Hey guys! I'm setting up Proxmox on my Raspberry Pi 4B 4GB and it requires having an Ethernet connection instead of wireless. This presents an issue where my Pi is now in my LAN interface instead of my IOT one.
The IOT interface uses a different IP address and has stricter rules than the LAN one, and the LAN devices can actually communicate into the IOT interface. This allows for certain devices like smart TVs to be able to still function with my parent's smart phone as well as allow me to be able to access my other raspberry pis connected to the IOT interface via ssh. I've started trying to set it up by creating a new VLAN with the ID 10.
How do I configure OpenWrt to group the port that my pi is connected to inside the IOT device? My router is an Archer A7 V5 running OpenWrt 21.02.2 r16495-bf0c965af0.
Settings
Firewall Rules
config zone
option name 'GuestZone'
option output 'ACCEPT'
option forward 'DROP'
option input 'DROP'
list network 'GUEST'
config zone
option name 'IOTZone'
option output 'ACCEPT'
option forward 'DROP'
option input 'DROP'
list network 'IOT'
option masq '1'
list device 'eth0.10'
config forwarding
option src 'GuestZone'
option dest 'wan'
config forwarding
option src 'IOTZone'
option dest 'wan'
config rule
option name 'Guest DHCP and DNS'
option src 'GuestZone'
option dest_port '53 67 68'
option target 'ACCEPT'
config rule
option name 'IOT DHCP and DNS'
option src 'IOTZone'
option dest_port '53 67 68'
option target 'ACCEPT'
config forwarding
option src 'lan'
option dest 'IOTZone'
Some of the configurations have sensitive data (like port forwards and network interface passwords) which was why I didn't share the full configurations. How do I make sure that the configurations don't contain sensitive information?
I have made a guess that logical port 5 corresponds to physical port 4 (as labeled on the case), but that could be wrong. If so, it will likely be logical port 2 in the switch configuration. In that case...

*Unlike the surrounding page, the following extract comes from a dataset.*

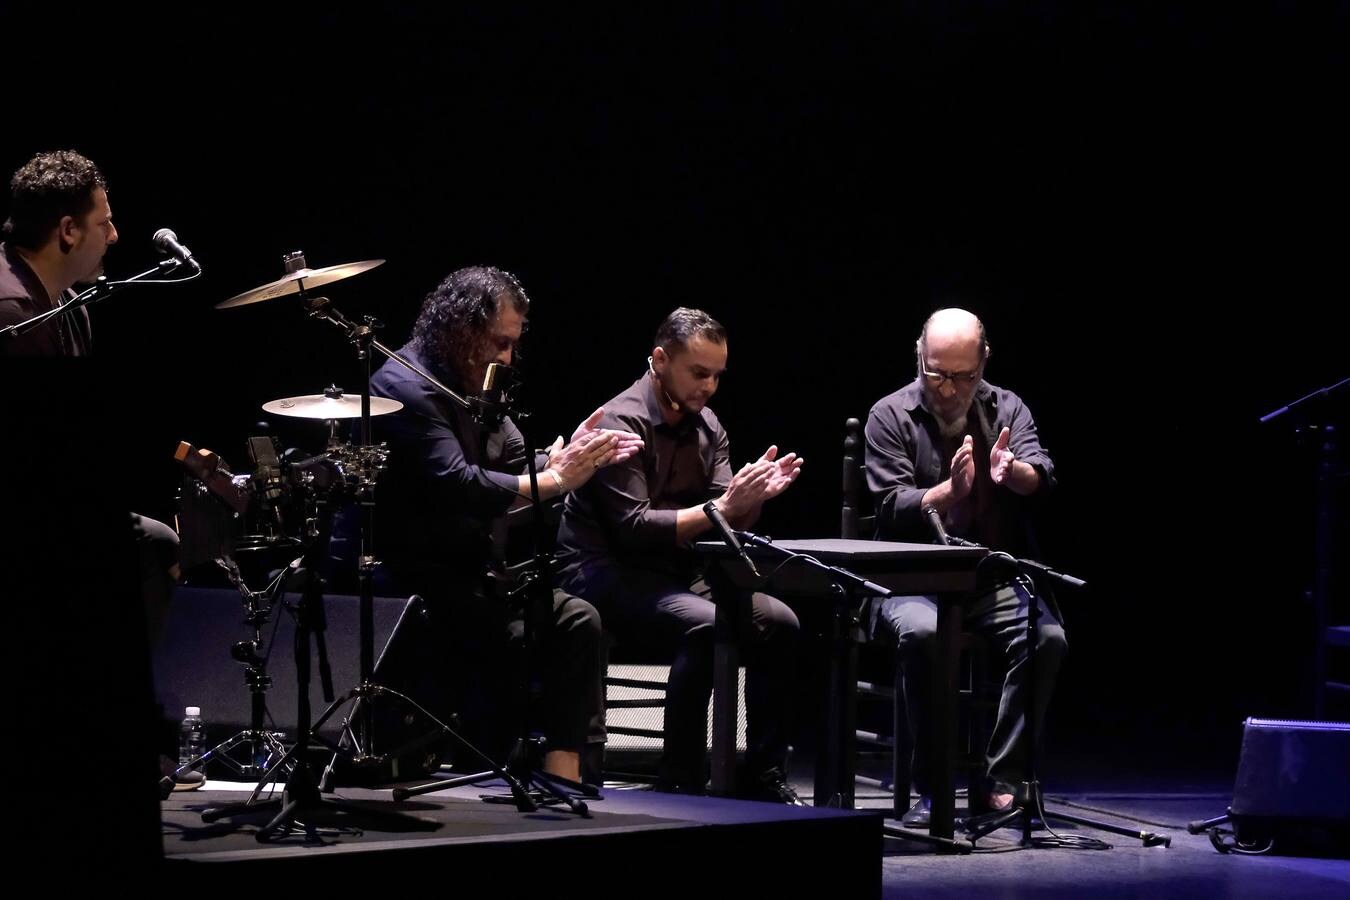 Bienal del Flamenco 2020: El Pele vuelve a demostrar cómo canta un maestro

put logical port 5 back into the VLAN 1 definition
Part of the process is figuring out the mapping between the physical port labels, the ones in LuCI, and then the logical assignments in the config files. Once you know how those correlate, you can pretty easily set the VLAN appropriately.
Otherwise, you should be good to go if you follow my directions above.
I followed the instructions but now my computer can no longer find the pi; can't connect nor ping to it at all. What do I do now?
--Edit--
Moved the pi to the 4th port on my router, and I try pinging to it, I get this error on the console:
From ThinkNova icmp_seq=5 Destination unreachable: Address unreachable
And Openwrt's System logs says Sun May 22 21:10:45 2022 daemon.warn dnsmasq-dhcp[31385]: DHCP packet received on wlan1-iot which has no address, while before switching (having it in port 1), it didn't display anything at all other than all packets were lost
OH I see what happened! So I found out that I can actually ping to the device if I'm connected to the IOT wireless network, but can't ping if I'm in the LAN wireless network. Another thing I just realized is that I was pinging to the device using the device's hostname, which works fine if I ping while connected to the IOT network, but doesn't if I'm not (however I can ping to the device if I use the device's ip address if Im connected either to the IOT network or the LAN network). Any idea why I can't ping using the device's hostname when outside of the IOT network?
Yeah, the laptop is on the lan network, which is the 192.168.1.0/24 network! And yea, the address 192.168.4.191 is the pi's current ip address (however I plan on setting the static ip address as 192.168.4.120). The scenario where I couldn't ping to the pi with its hostname was when the laptop was connected to the lan network (I get that address unreachable error); however I can ping to the pi with its ip address when the laptop is on the lan network.